■ **Stored data**
- - - - -

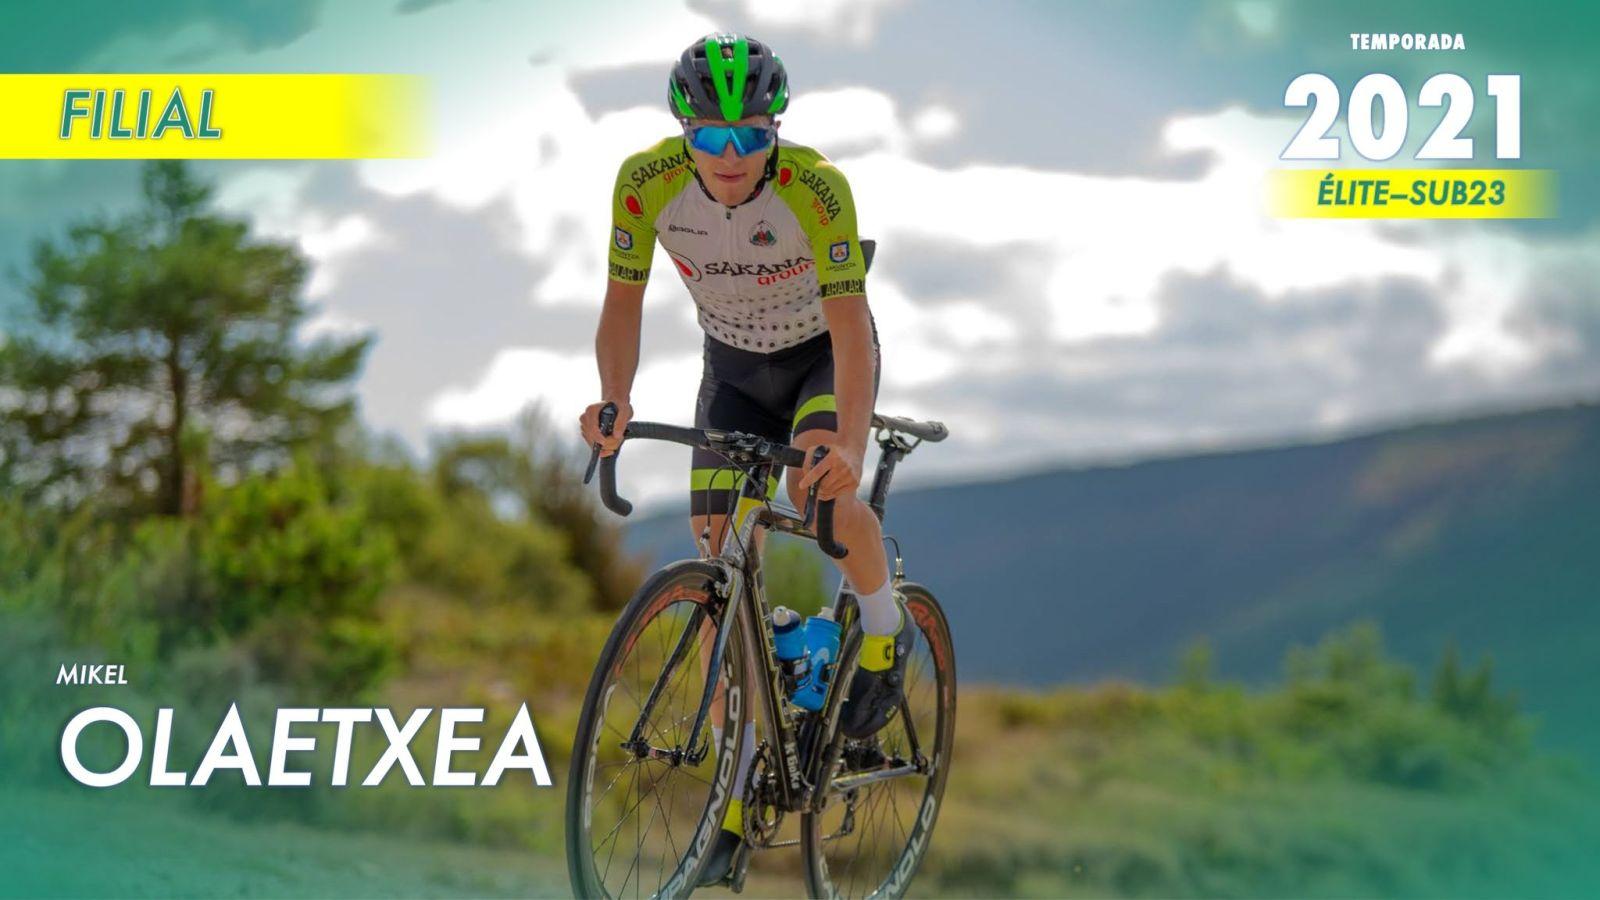 Mikel Olaetxea Caja Rural
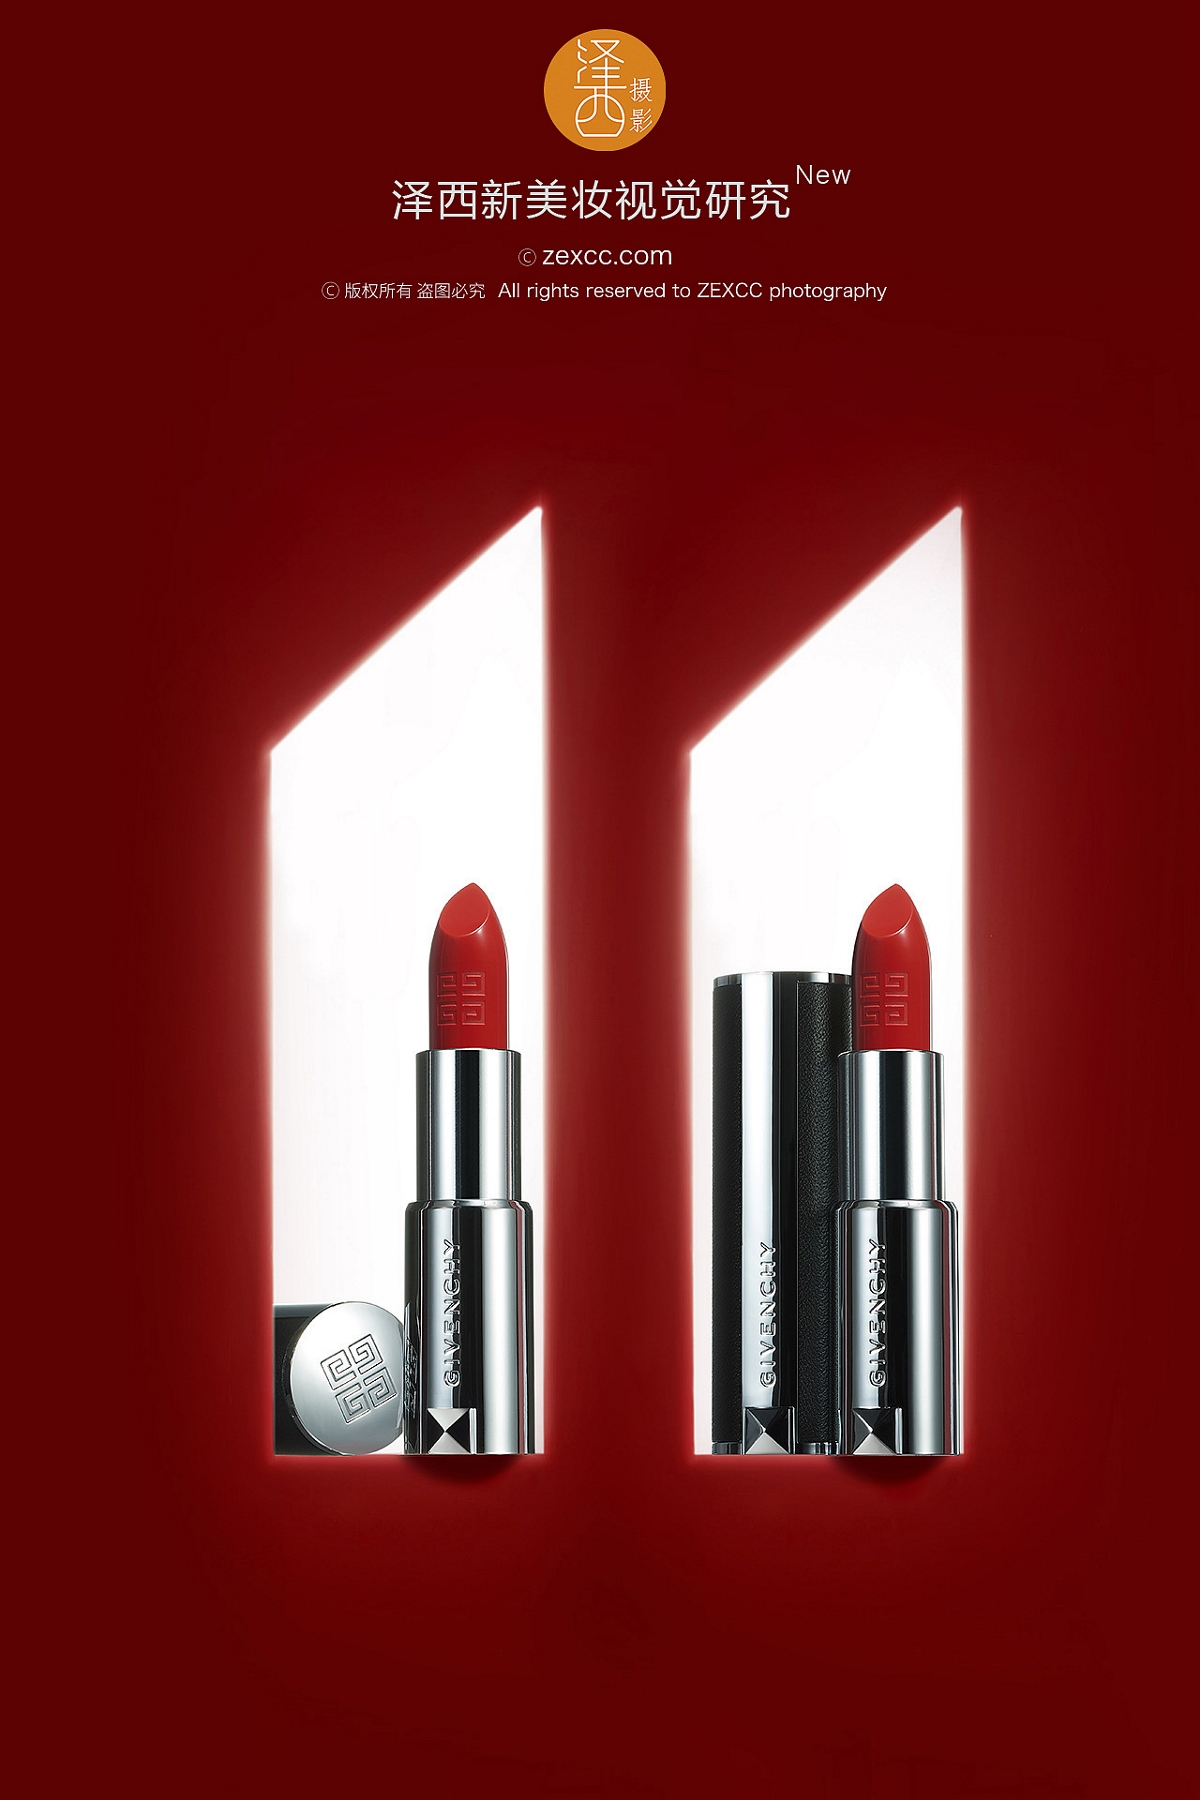 纪梵希的双十一 ✖ 泽西摄影 | 新美妆视觉研究
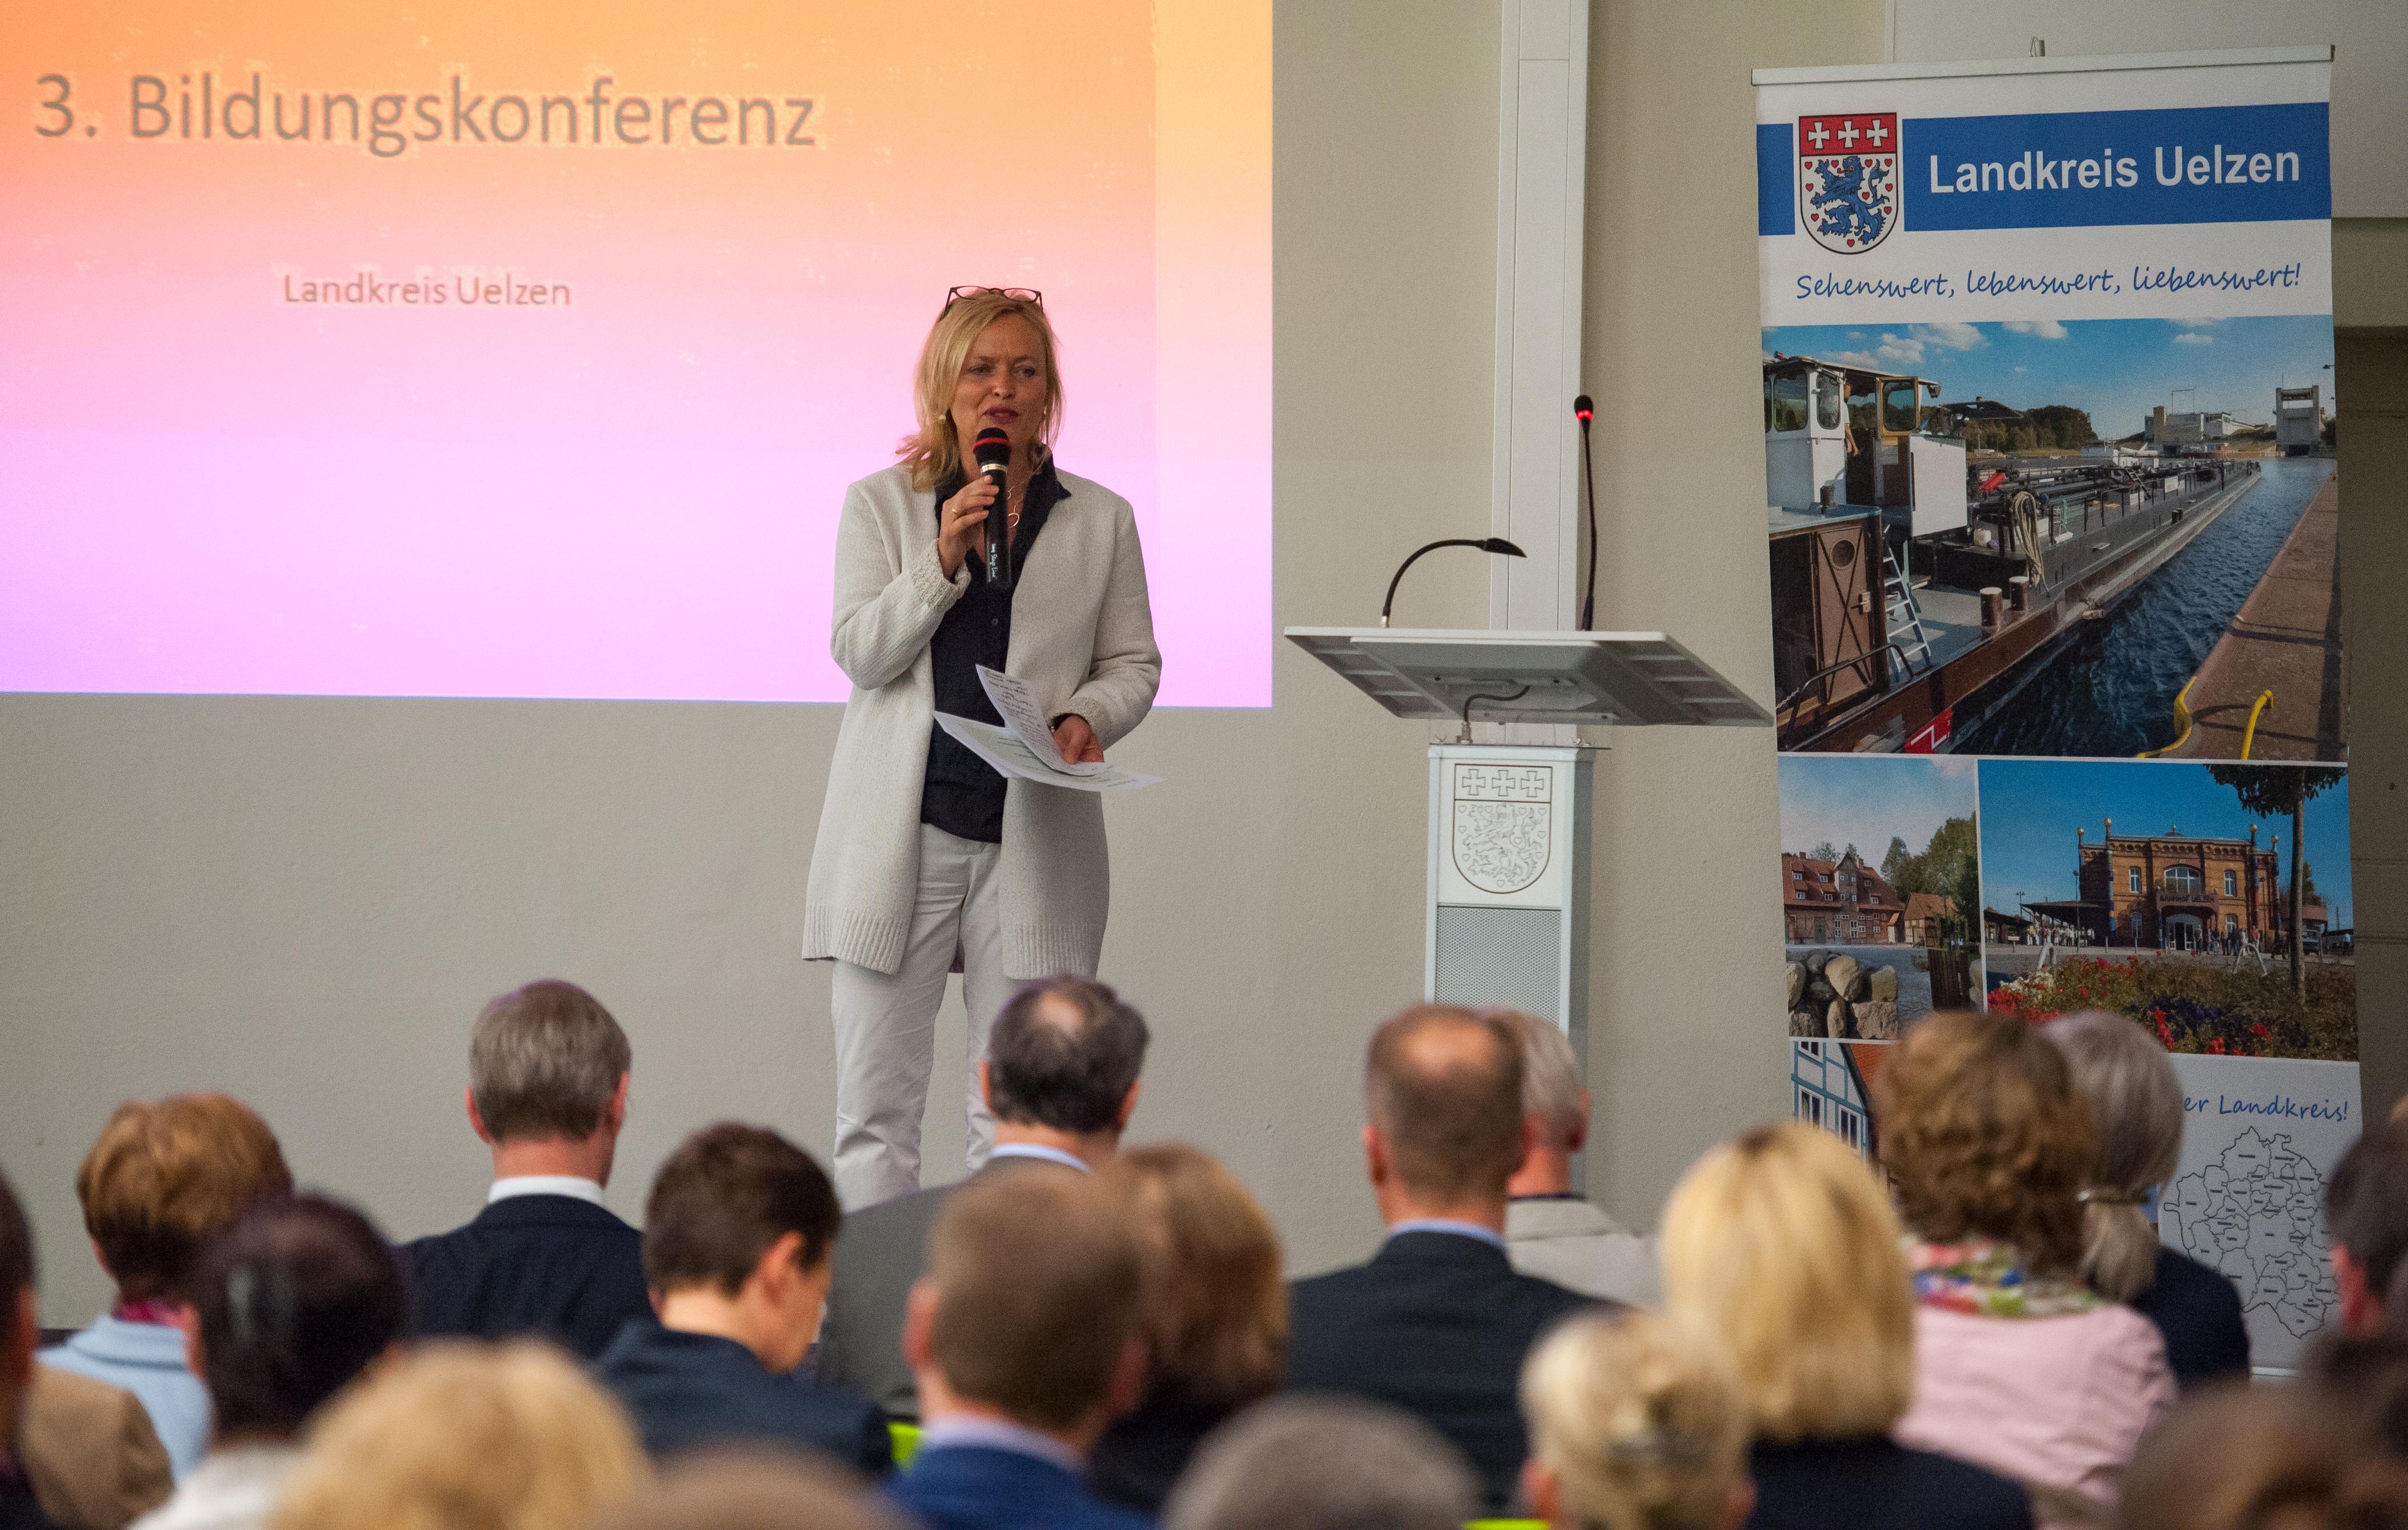 3. Bildungskonferenz in der Oberschule Uelzen

- - - - -

■ **Problem to work on**
Give back the data exactly. Pictures stay out.

■ **Output of the task**
 Mikel Olaetxea Caja Rural
 纪梵希的双十一 ✖ 泽西摄影 | 新美妆视觉研究
 3. Bildungskonferenz in der Oberschule Uelzen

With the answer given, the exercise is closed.